- Data below

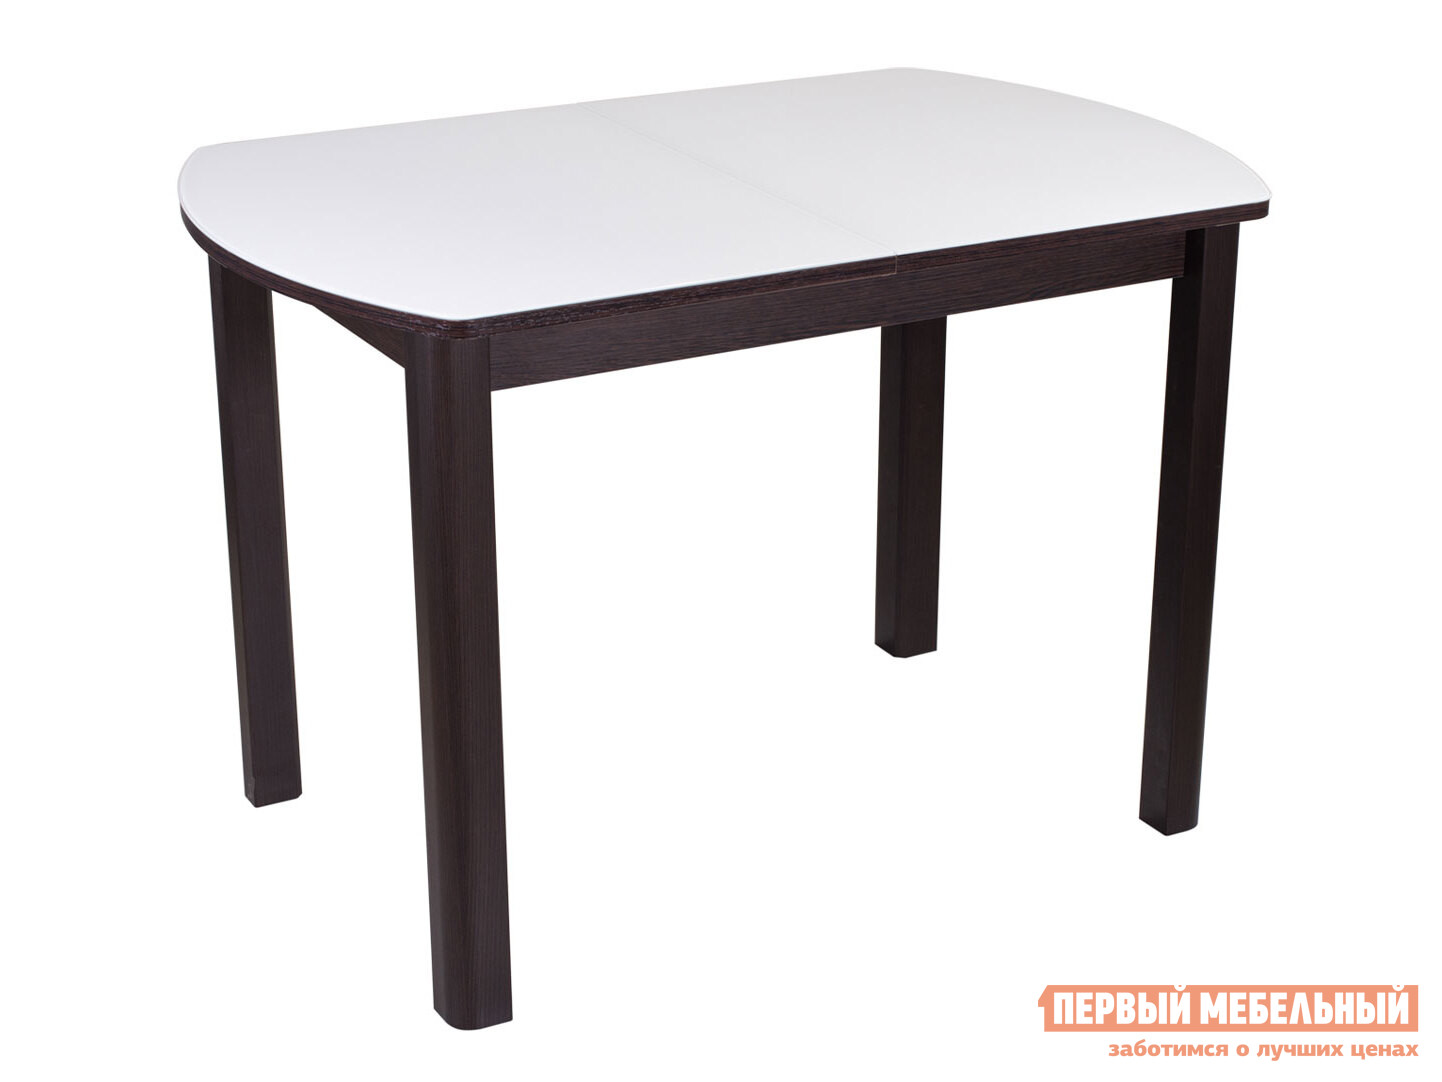 Фото - Кухонный стол Домотека Танго ПО со стеклом с ножками 04 стол домотека танго по бл ст 71 07 вп бл
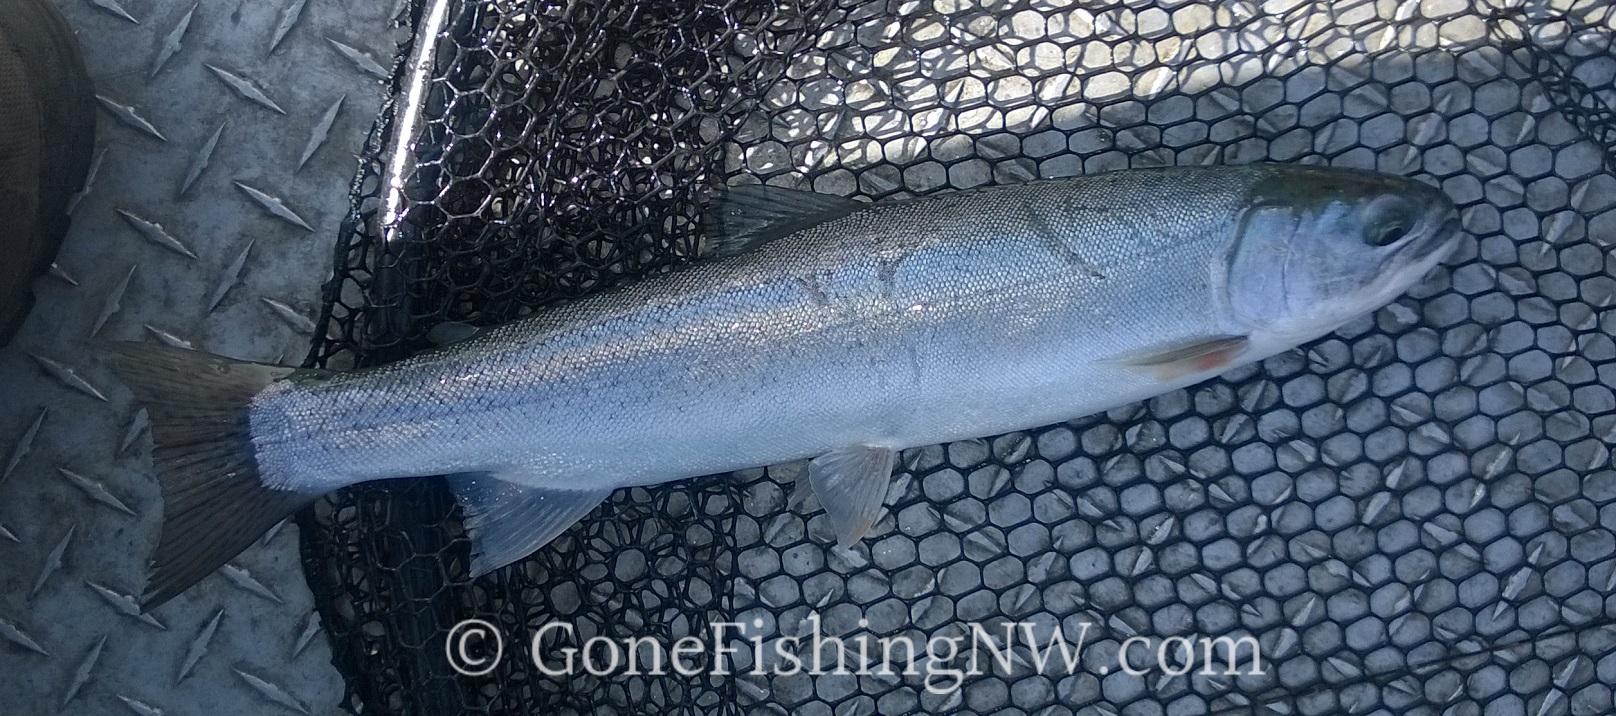 Lake sammamish fishing report gone fishing nw for Lake sammamish fishing
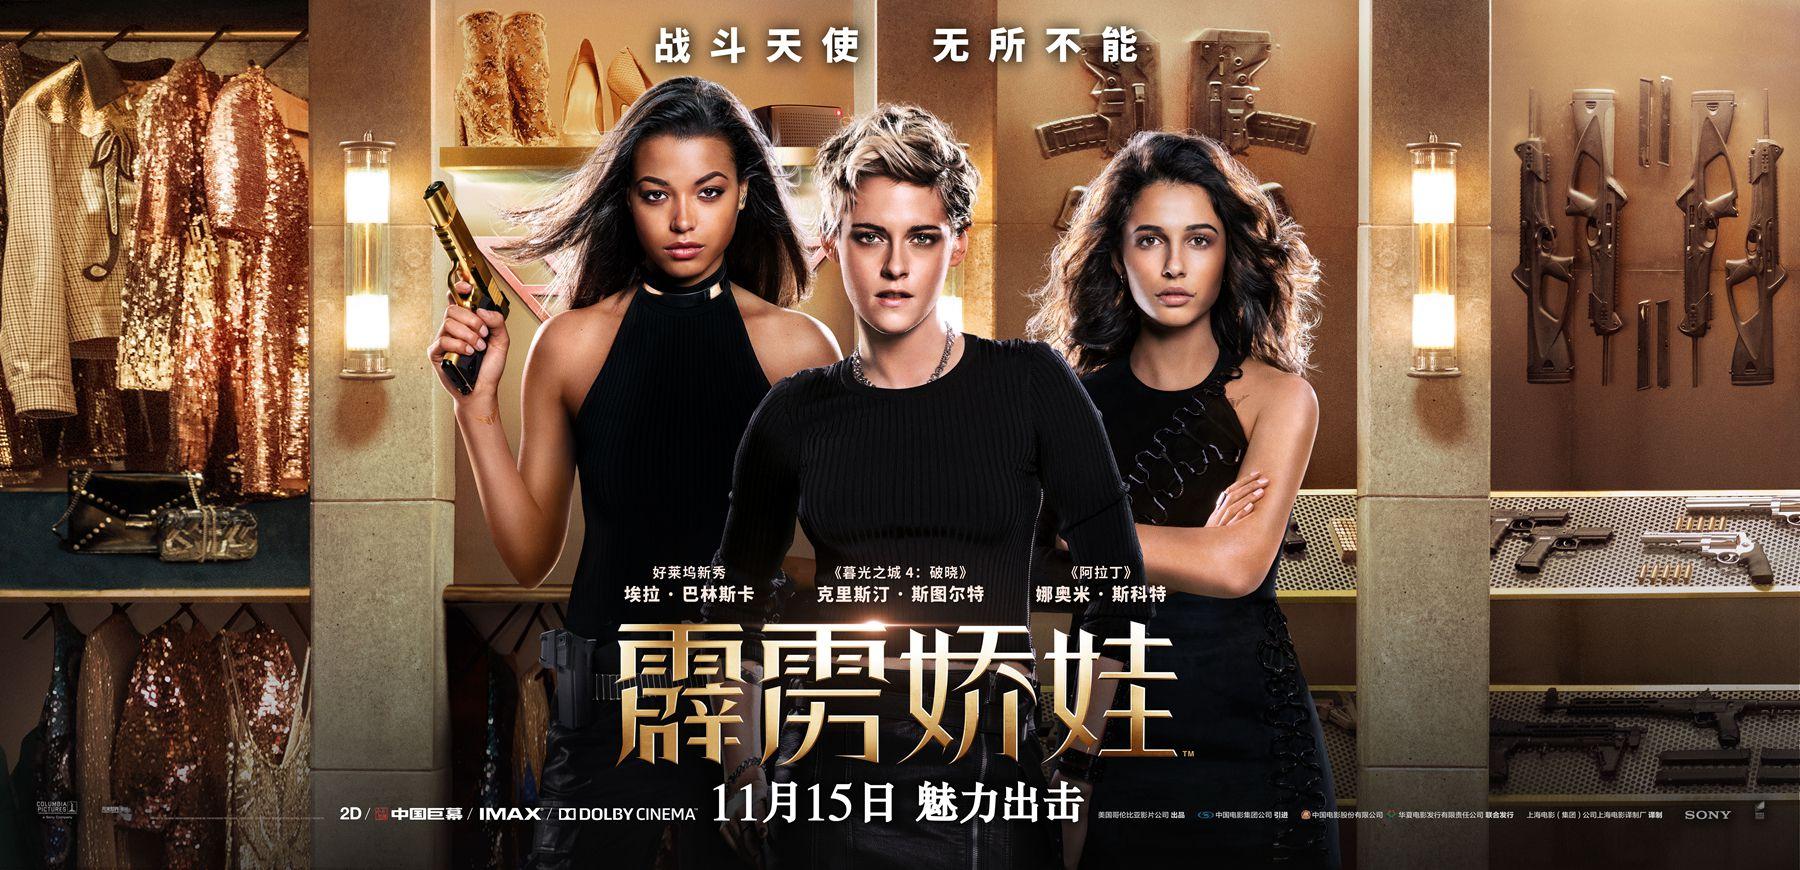 《霹雳娇娃》定档11月15日 同步北美上映
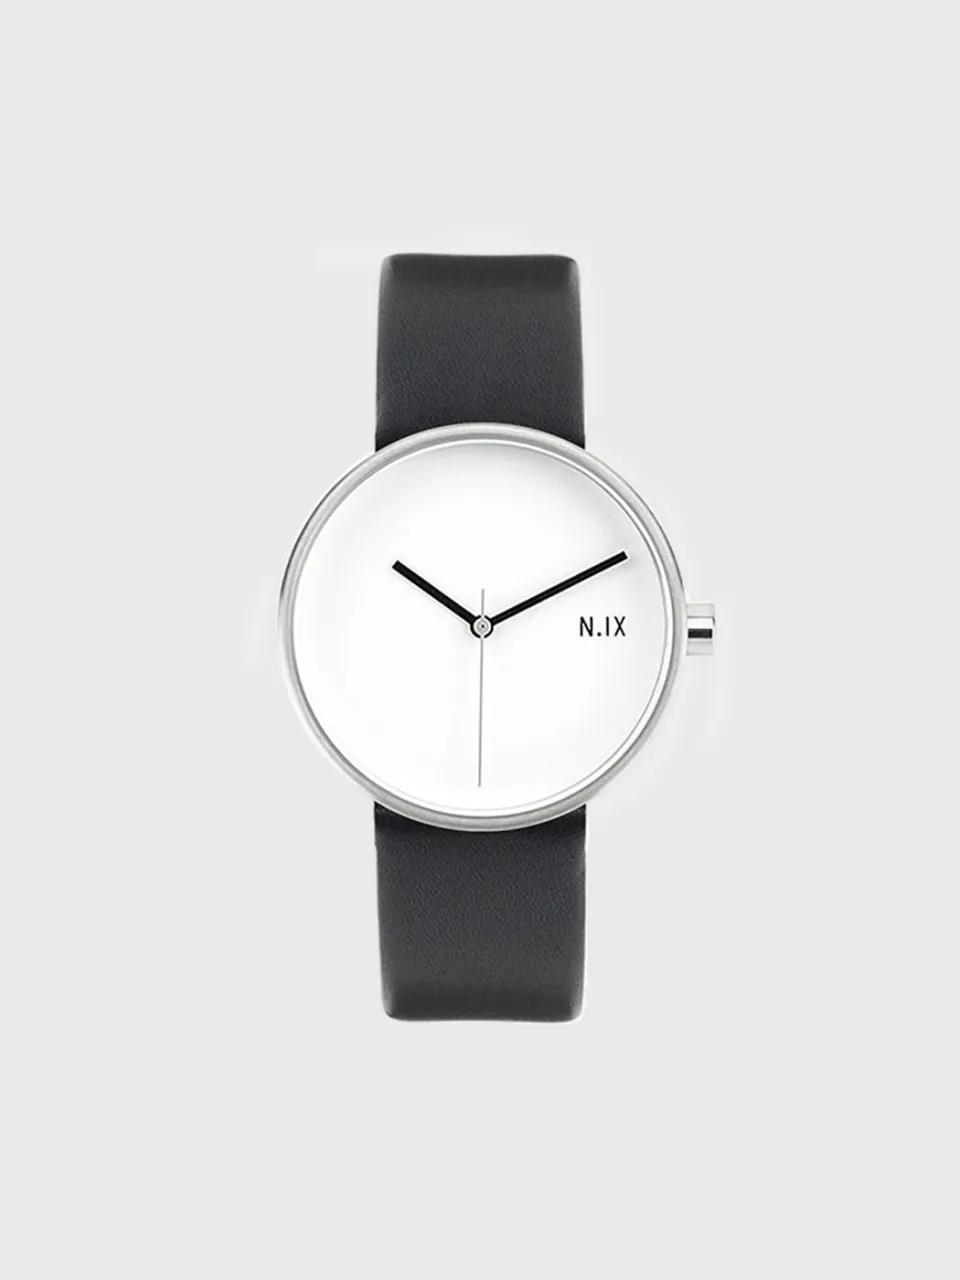 นาฬิกาเรียบแต่เท่

- Exercise prompt
Reproduce exactly the line containing "Lake sammamish fishing report" and every line after it in the material above, up to and including the last. Exclude all pictures.

- Result for this task
 Lake sammamish fishing report gone fishing nw for Lake sammamish fishing
 《霹雳娇娃》定档11月15日 同步北美上映
 นาฬิกาเรียบแต่เท่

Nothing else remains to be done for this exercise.